One of the leading auction houses for historical manuscripts, Heritage Auctions of Dallas, Texas, is currently advertising two John Brown letters to be sold between October 16-18, 2013.  Probably coincidentally, the letters will be sold during the 154th anniversary of the Harper's Ferry Raid (or as some of us Browniacs like to call it, "Independence Day").

The most notable letter, starting at $4000, is written from Brown to his half-sister and brother-in-law, Florella ("Florilla") and Samuel Lyle Adair on April 22, 1856.  Brown wrote the letter from his sons' settlement, known as "Browns Station," to the Adairs in the burgeoning free state center of Osawatomie. (Brown later earned the sobriquet, "Osawatomie Brown" engaging the proslavery enemy at that place; the enemy identified Osawatomie as a target of assault because it, following the town of Lawrence, was distinguished for its anti-slavery stance.)  The Adairs met at Oberlin College and Samuel was an ordained Congregational minister; they went to Kansas in advance of all the Brown family to establish missions work, and were also expressly anti-slavery.  Brown's letter to the Adairs reports events preceding the attempted coup by proslavery terrorists--including the proslavery courts that endeavored to prosecute free state activists, especially abolitionists like the Browns.  Brown was particularly mindful of a proslavery Judge named Cato, who was intimidated the previous day when Brown and his men showed up at court unarmed to oversee the hearing.  "The Court is thoroughly Bogus," Brown wrote, but the Judge had not the nerve to avow it openly."  Brown also mentions the arrival of a relative, Orson Day, the oldest brother of his wife, Mary Day Brown, who answered the free state call and migrated to Kansas; the Browns labored to prepare a dwelling for Orson in advance of his arrival. 

A little over a month after this letter was written, Brown, some of his sons, and a number of local allies, struck a preemptive blow against proslavery neighbors involved in a plot to eliminate the abolitionist element in their vicinity.  The strike resulted in the deaths of five proslavery men, including a man and his two sons, both young adults.  Unfortunately, this so-called "Pottawatomie massacre" has been consistently portrayed in a one-sided manner--as if Brown were the originator of terrorism in the U.S., and as if the attack were simply an act of malice, retaliation, or gratuitous political violence.  Most popular narratives continue to present a one-sided approach and do not take into consideration the evidence that abolitionists in that locale were literally in danger of an imminent assault by invading proslavery forces, and that the proslavery assault was enabled and guided by local proslavery people--including the unfortunate "victims" of Brown's assault.  Initially, Brown had gone to Kansas to protect his family and support the free state cause against militant assault; a genuine study of the evidence will show that Brown would not have taken such harsh action were it not considered a matter of necessity, not only by him, but by others in the vicinity.

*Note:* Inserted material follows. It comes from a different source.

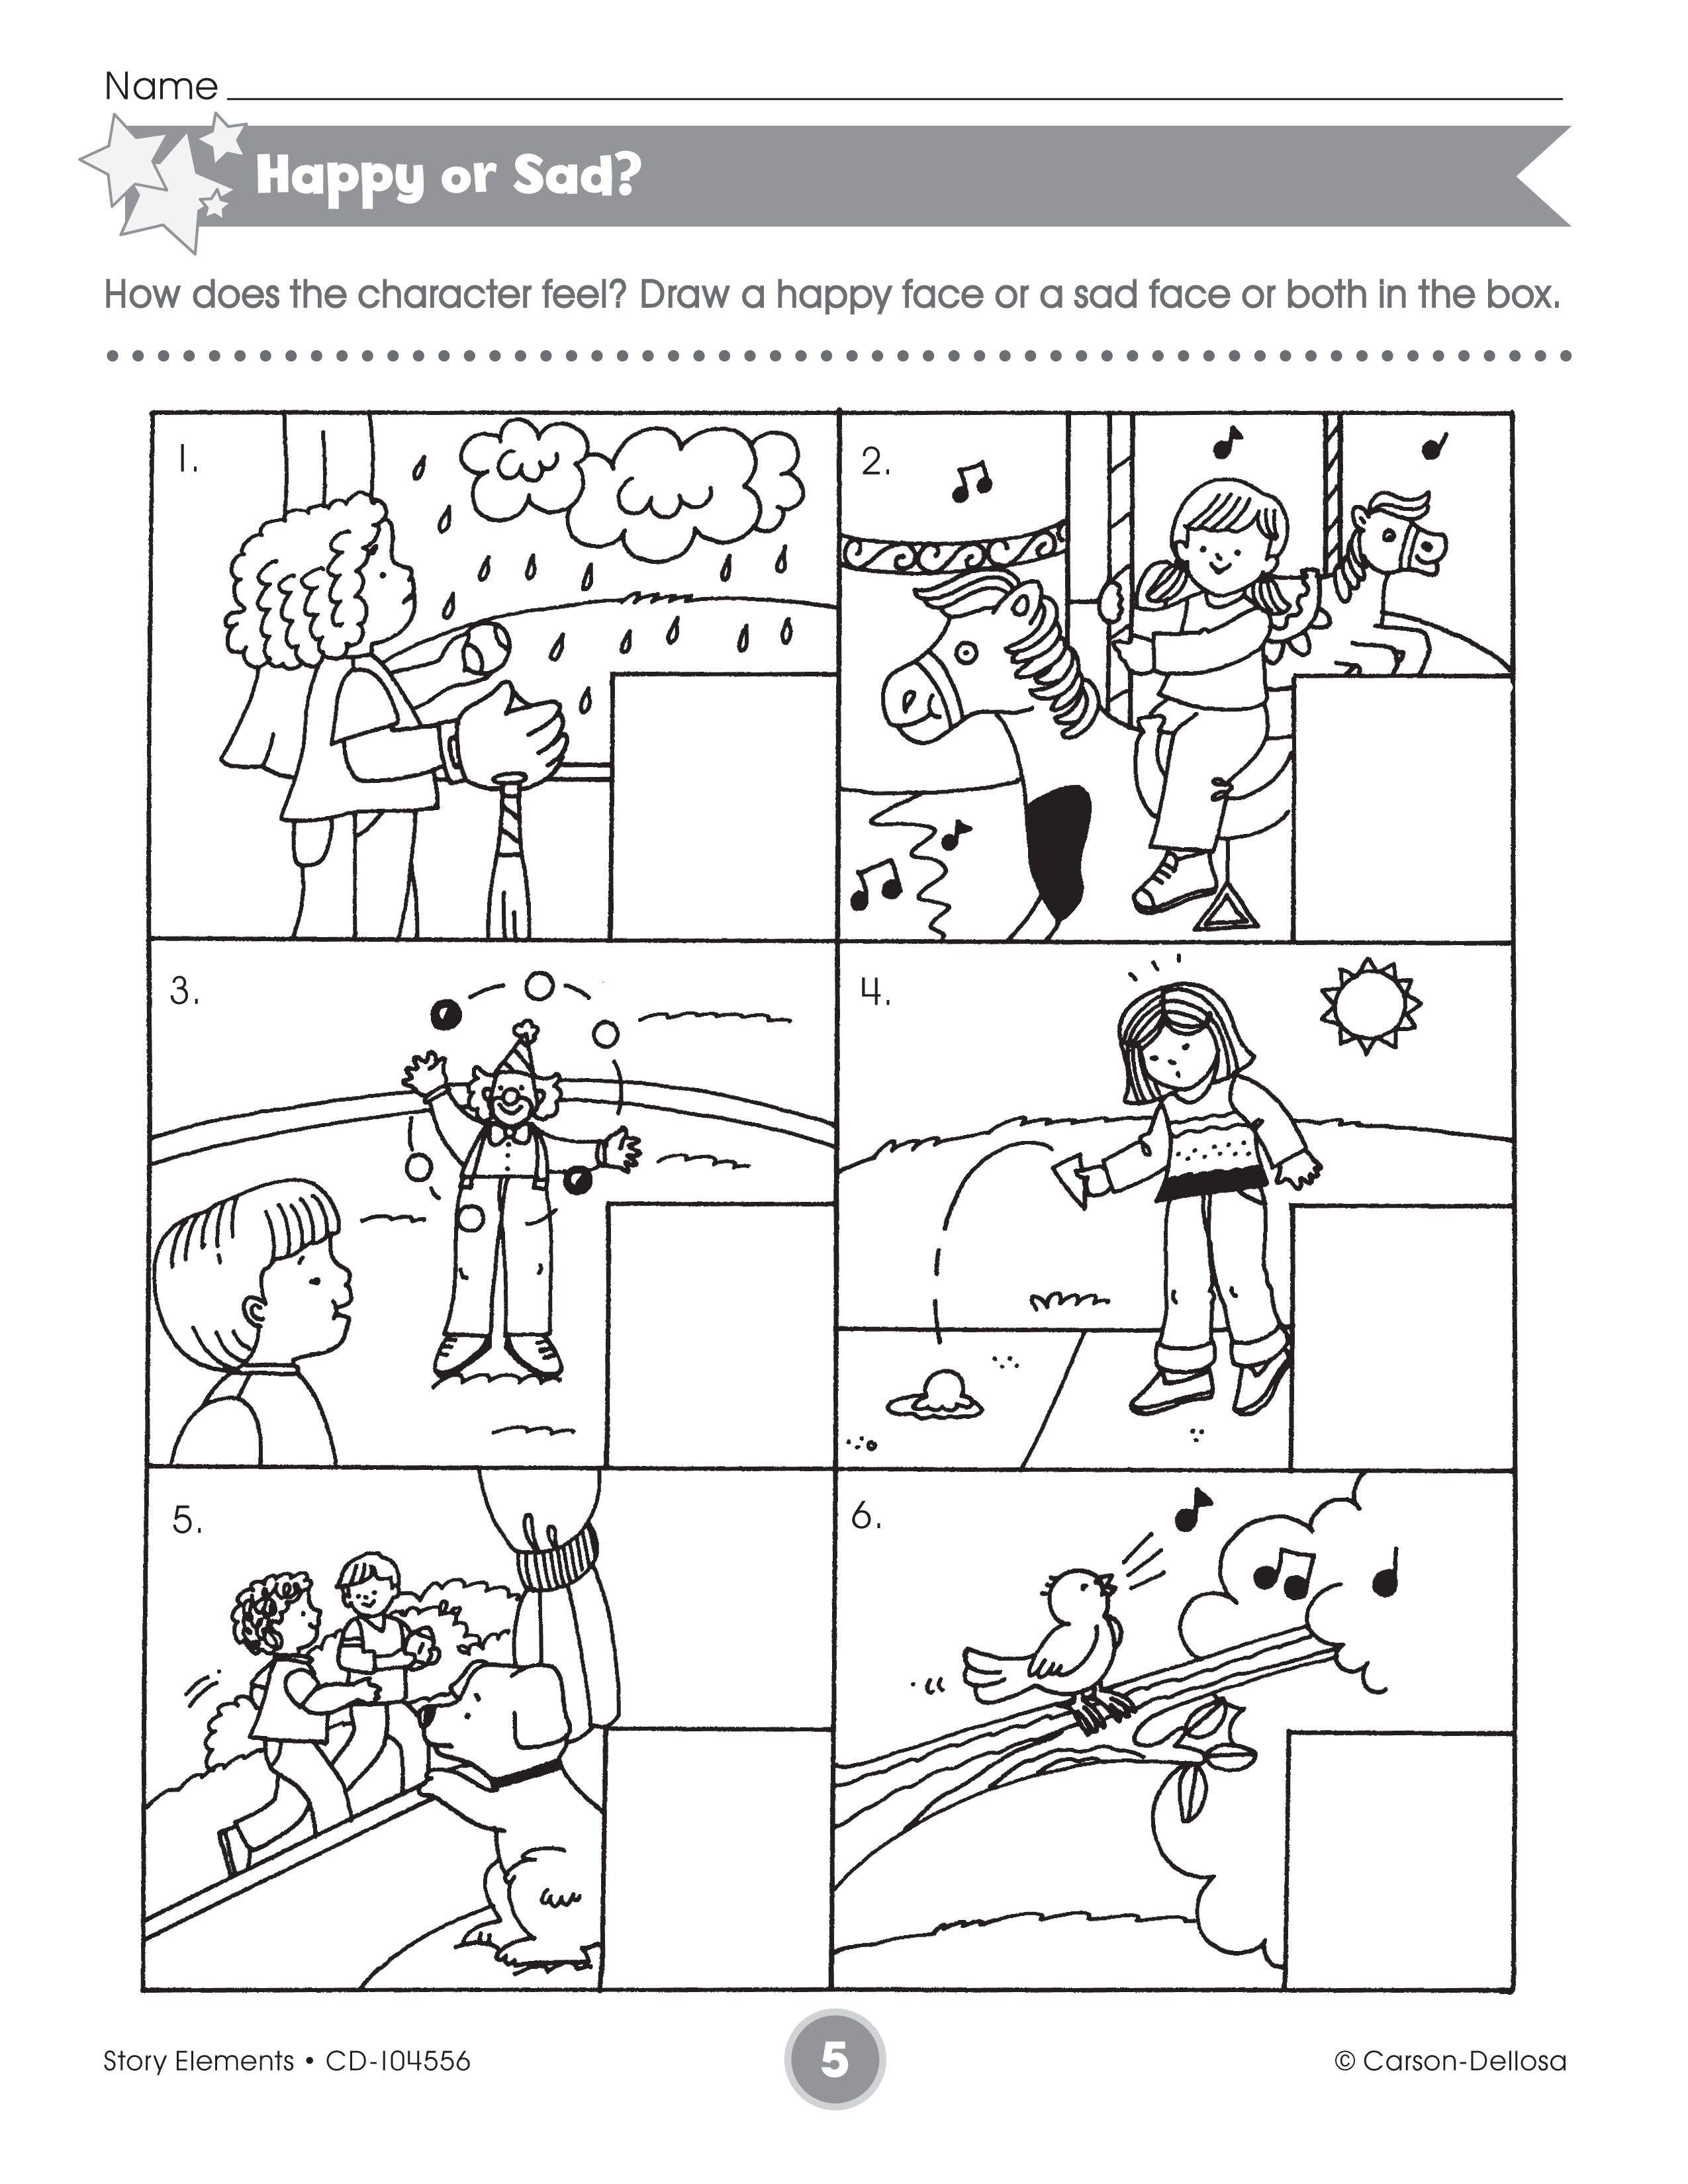 The Happy Or Sad Activity Sheet Helps Student Discern Scenarios

Of additional interest is a bonus: an older letter from Samuel Adair to Florella, only months before their marriage in 1841.  Adair wrote from Oberlin, Ohio, but speaks of being called to pastoral positions.  He answered one such call in a Congregational Church in Sandyville, Ohio, where he was pastoring at the time he married John Brown's younger, half-sister Florella (born 1816).  Florella first met Samuel while studying at Oberlin College, notable in history for both its anti-slavery and coeducational stance, as well as its heterodox "Perfectionist" doctrine, especially espoused by evangelist Charles G. Finney, who divided his time between Oberlin and New York City.   

As for the Brown-Adair letter of 1856, it is not unknown to me, although this is the first time in recent years (as far as I'm aware) that it has come up for sale.  In the mid-20th century, the Rev. Clarence S. Gee, a Brown documentarian and genealogist of the Brown family, obtained a copy of the letter, which today can be found in the Gee Papers at the notable Hudson Library and Historical Society in Hudson, Ohio.   Prior to that, Katherine Mayo (who did the greater part of the research work for biographer Oswald Garrison Villard) made an excellent transcription of the letter in 1909, now available in Villard Papers of Columbia University's Rare Book and Manuscript Collection.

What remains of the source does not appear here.